Data provided: Begin

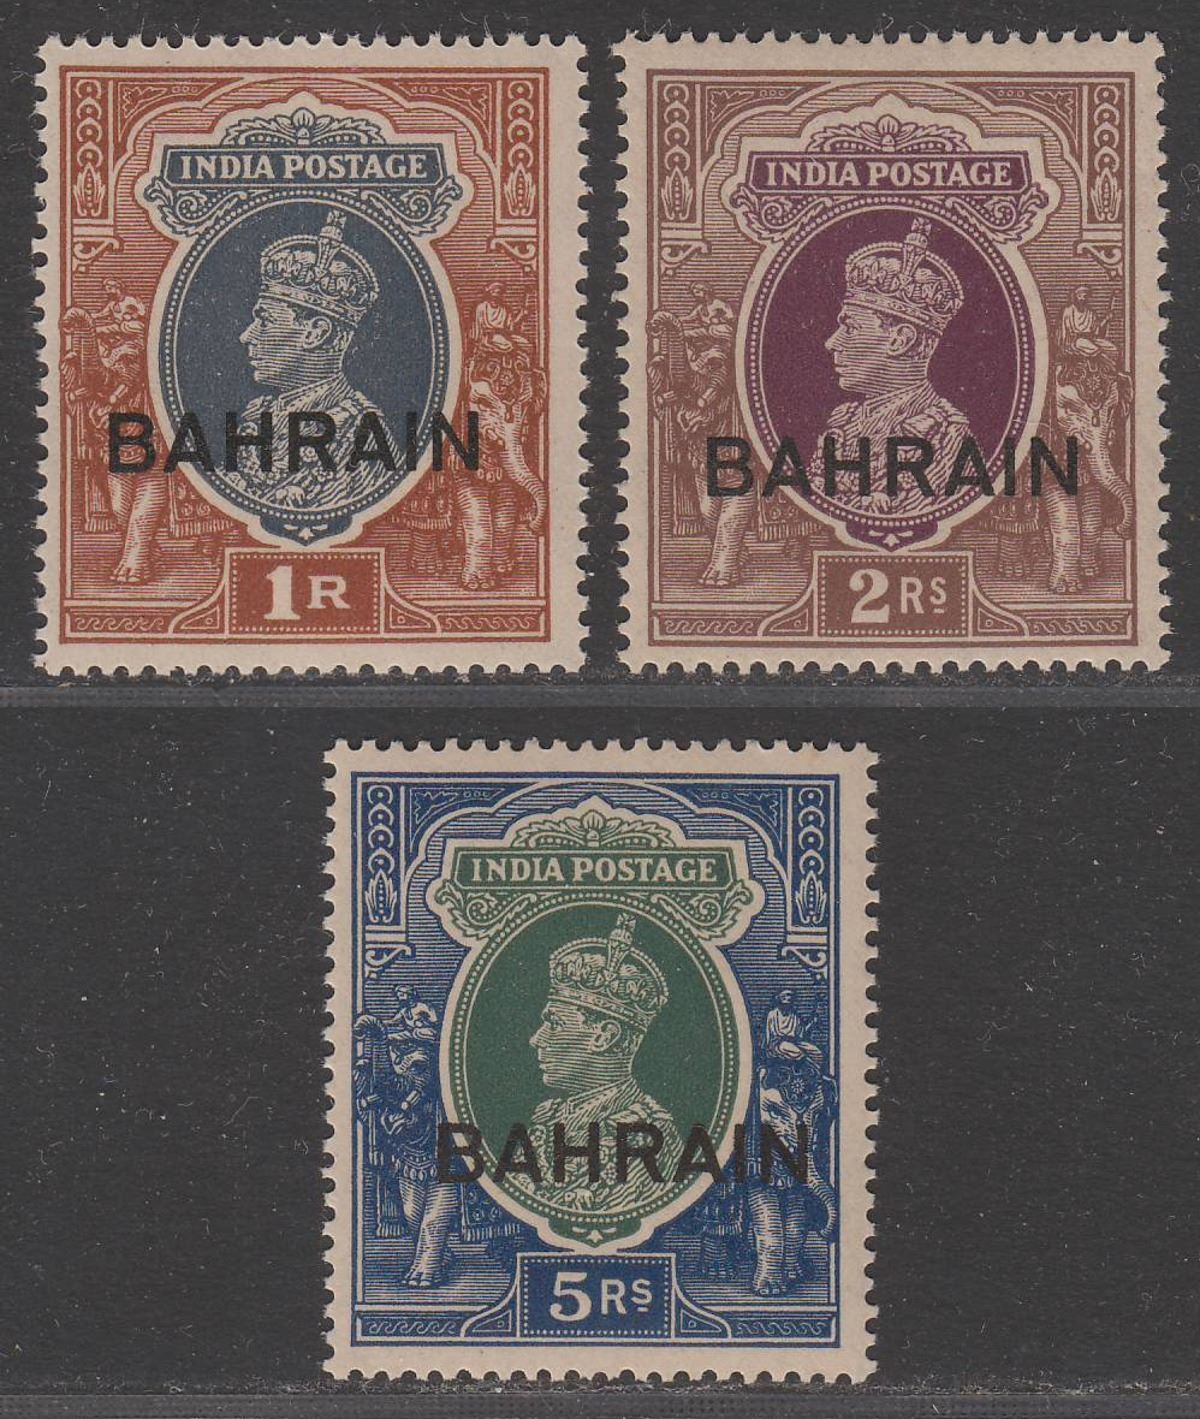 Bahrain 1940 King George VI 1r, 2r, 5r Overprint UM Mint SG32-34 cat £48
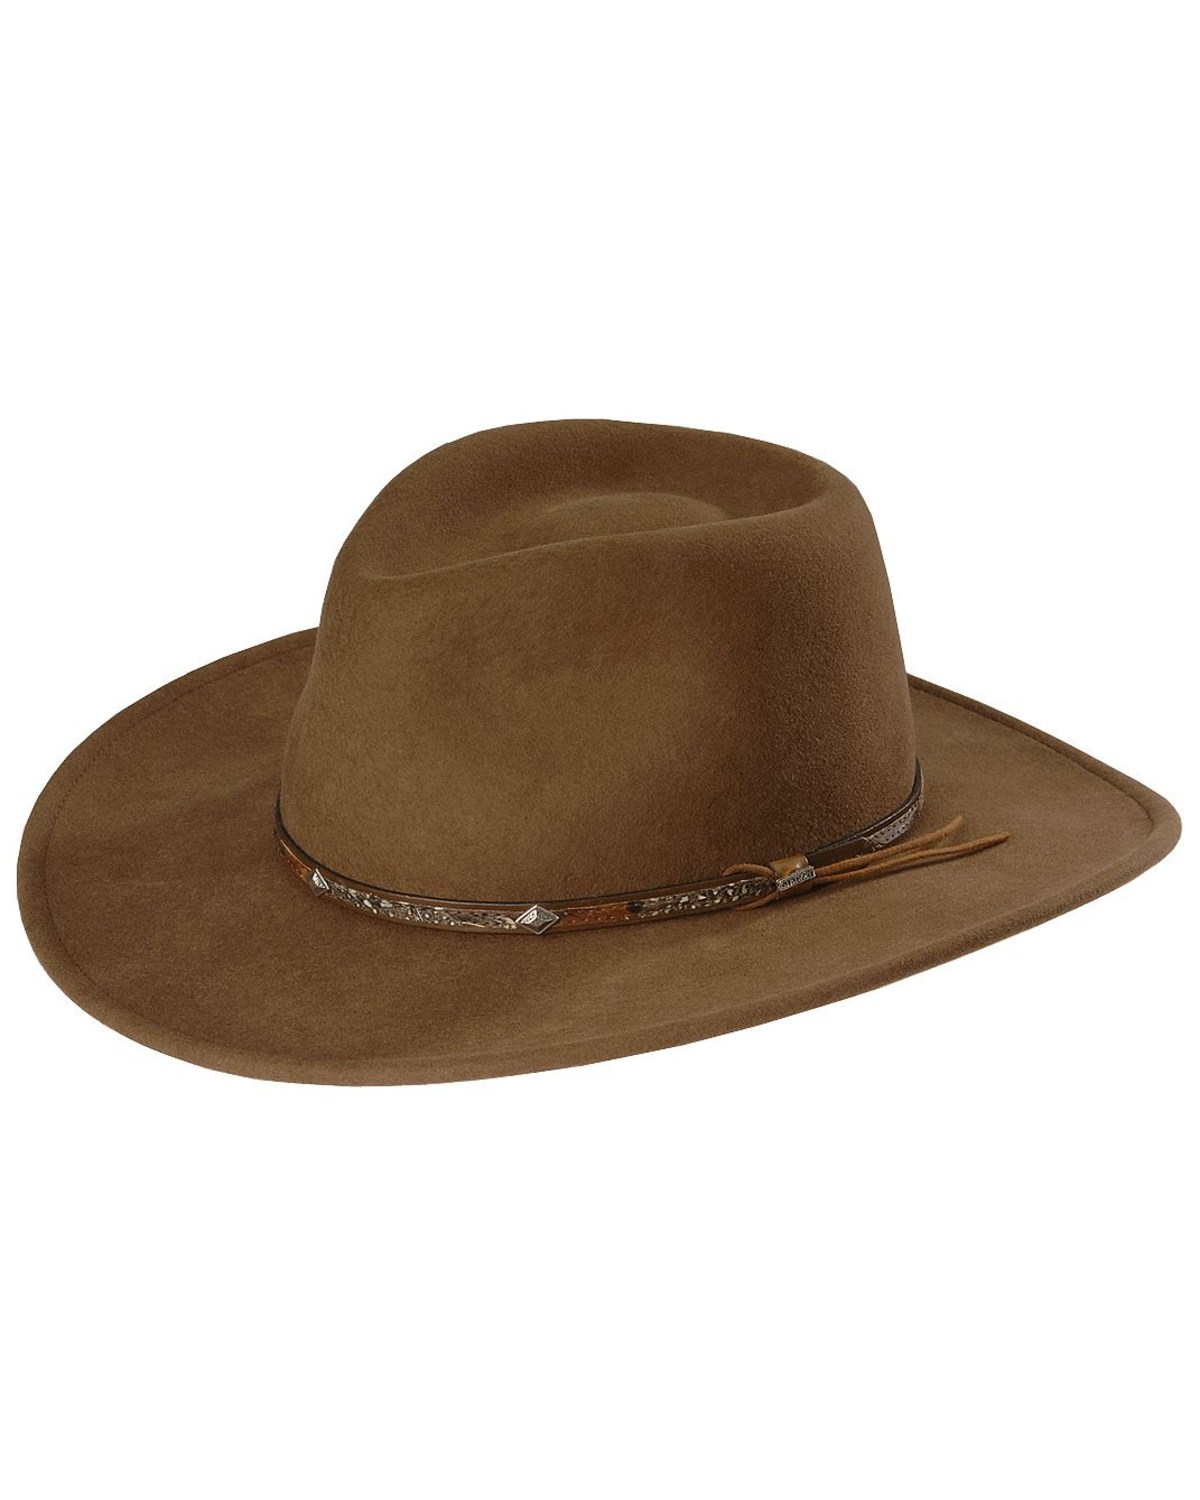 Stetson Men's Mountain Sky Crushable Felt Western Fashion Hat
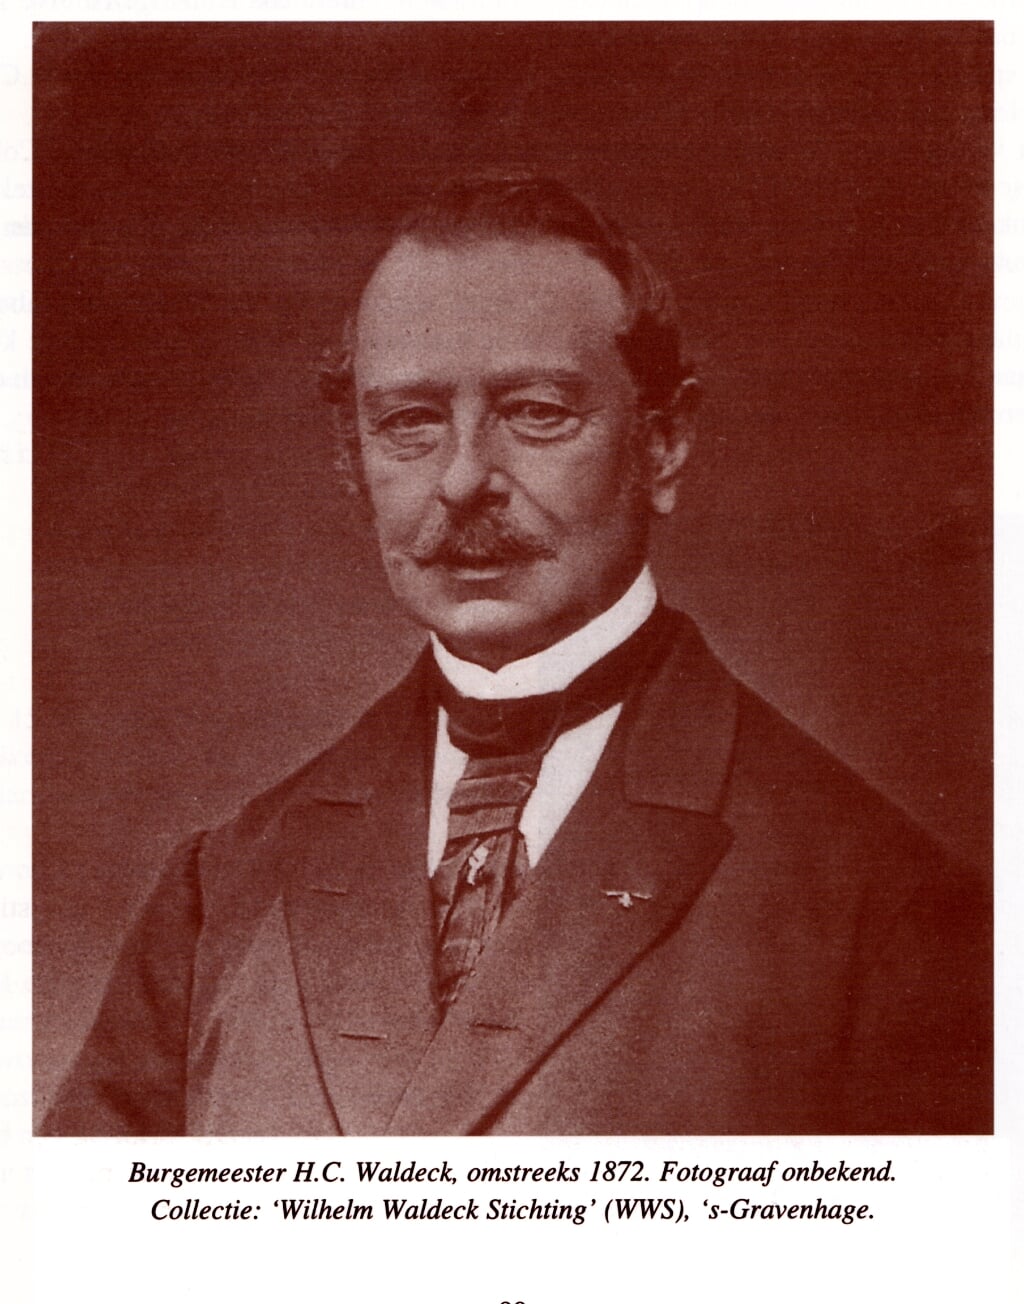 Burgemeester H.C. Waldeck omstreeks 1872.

Data provided: End

## Your goal
Your task is to reproduce exactly the lines from the one that holds "Stetson Men's Mountain" to the last line of the listing, and only those, omitting the pictures.

## Reply to the exercise
 Stetson Men's Mountain Sky Crushable Felt Western Fashion Hat
 Burgemeester H.C. Waldeck omstreeks 1872.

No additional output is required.